[ENTRIES PROVIDED Boundary: Start]

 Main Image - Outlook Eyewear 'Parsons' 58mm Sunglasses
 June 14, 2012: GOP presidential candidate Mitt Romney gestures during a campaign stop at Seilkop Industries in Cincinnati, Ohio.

[ENTRIES PROVIDED Boundary: End]
[ENTRIES PROVIDED Boundary: Start]

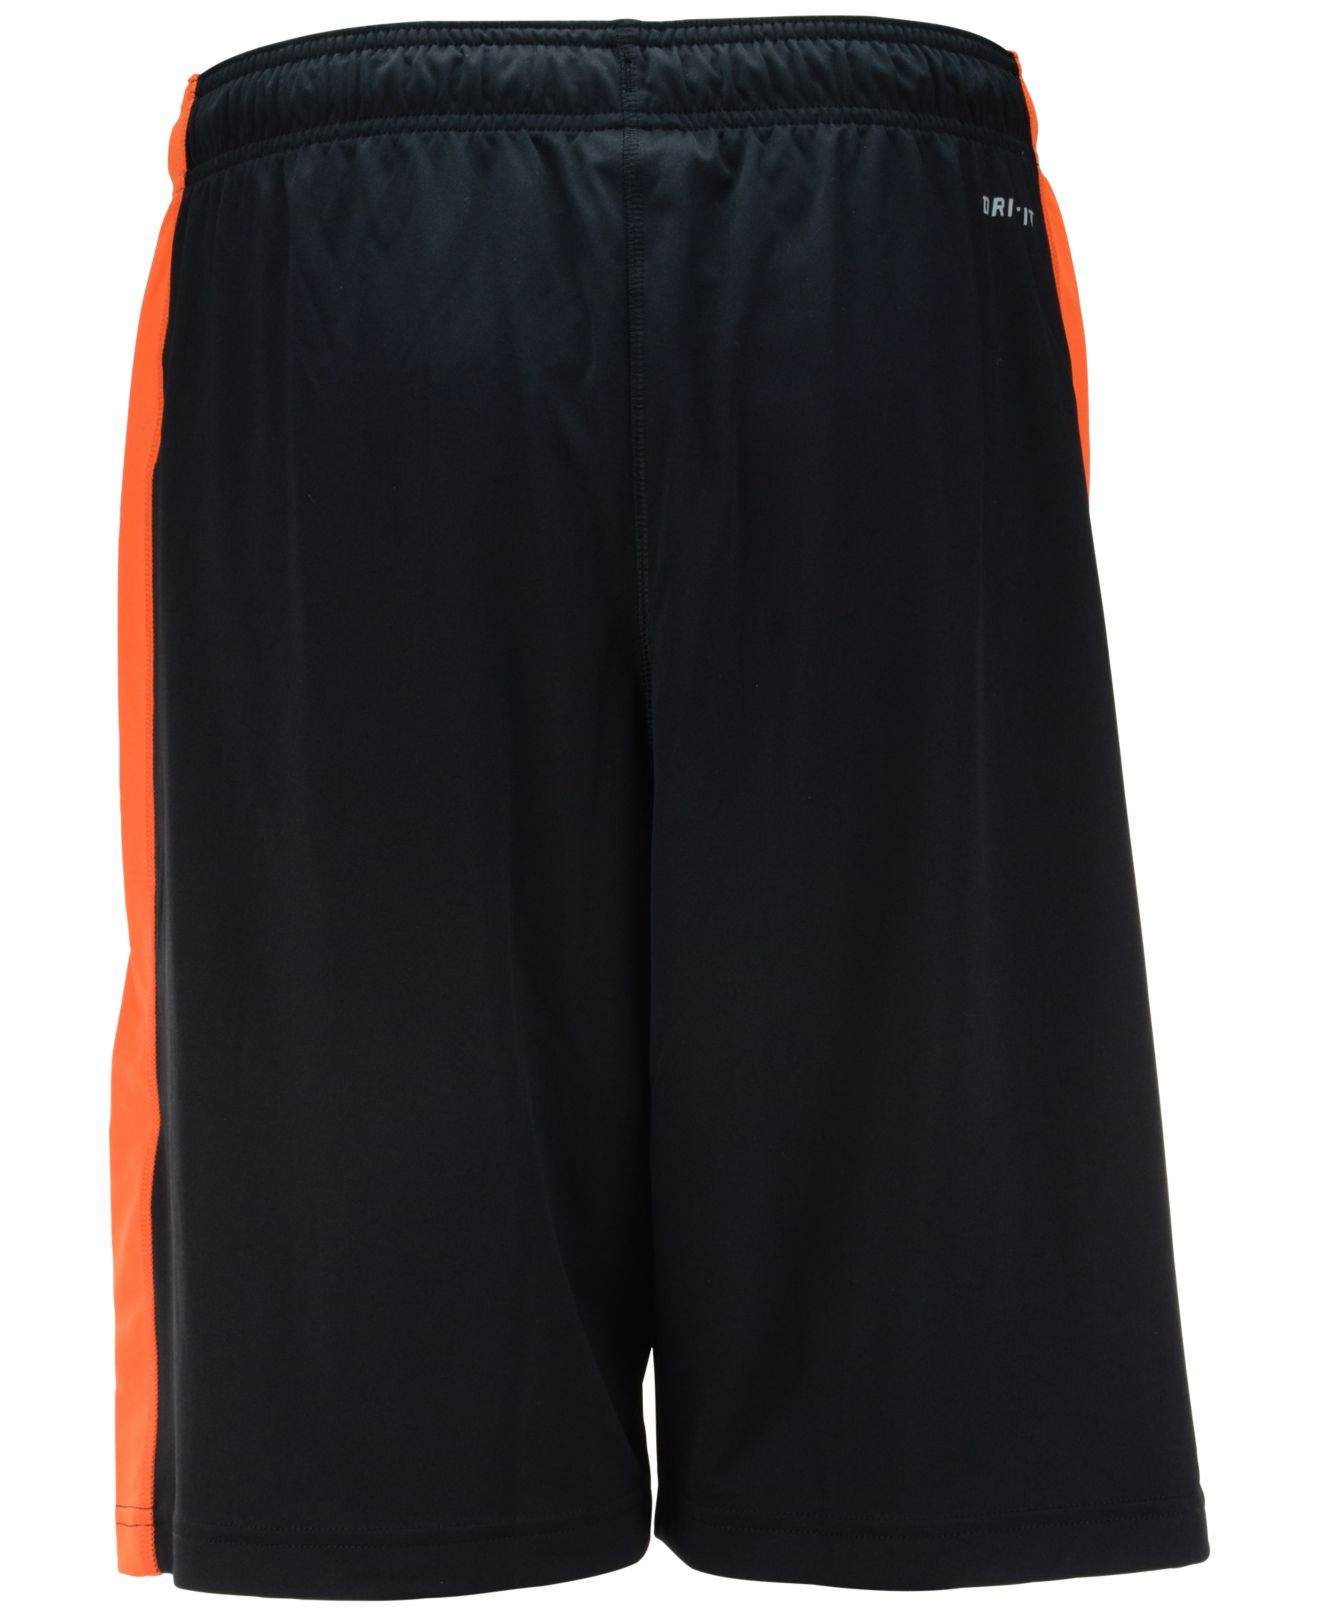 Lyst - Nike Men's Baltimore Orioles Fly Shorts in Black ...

[ENTRIES PROVIDED Boundary: End]

_TASK_:
Take the lines above from the one containing "Main Image - Outlook" to the one containing "June 14, 2012: GOP" and retype them exactly, both ends included, with nothing added.

_THE COMPLETED TASK_:
 Main Image - Outlook Eyewear 'Parsons' 58mm Sunglasses
 June 14, 2012: GOP presidential candidate Mitt Romney gestures during a campaign stop at Seilkop Industries in Cincinnati, Ohio.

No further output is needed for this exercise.